Abstract

An equivalent model using Taylor expansion (TEEM) is proposed for a fleet of engines regulated by the industrial baseline controller, aiming at the fast assessment of in-service thrust control under gas path and measurement uncertainties in advance. TEEM is fulfilled initially by the equivalent transformation of measurement uncertainties into engine set-point distribution, followed by a first-order Taylor expansion on the steady-state aero-thermal engine model along the average degradation curve of engine fleets. Simulations are conducted at take-off states on a validated aero-thermal turbofan engine model with publicly available uncertainty statistics on a desktop computer.
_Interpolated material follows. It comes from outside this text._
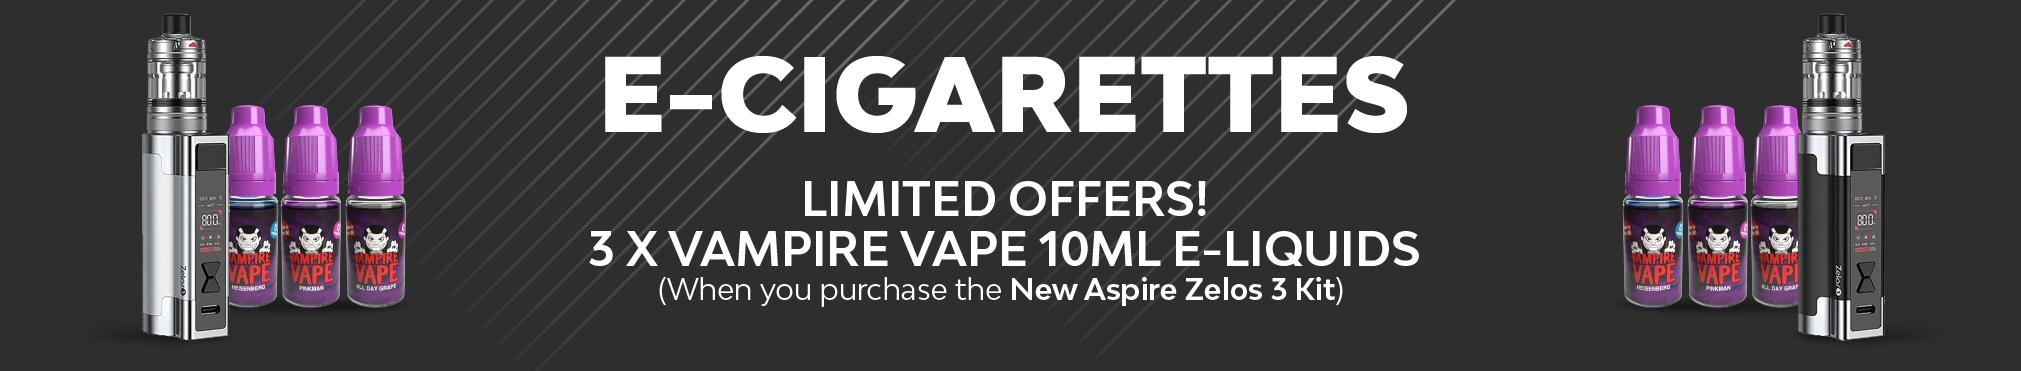 E-Cigarette Kits

Results show that the equivalent transformation is successful for both new and degraded engine fleets. Moreover, TEEM can estimate the mean and standard deviation values of key engine control parameters including thrust with the maximum errors of 0.04 % and 3.85 % for new engine fleets, 0.04 % and 6.25 % for degraded engine fleets, respectively, compared to the classic sample-based Monte-Carlo simulations (MCS). Computational time for TEEM and MCS for the tested life cycle are 3,018,564s and 137.52s accordingly, which means 99.995 % simulation time reduction is achieved by TEEM. Hence, the accuracy and efficiency of the proposed model for uncertainty assessment of thrust control of turbofan engines are confirmed.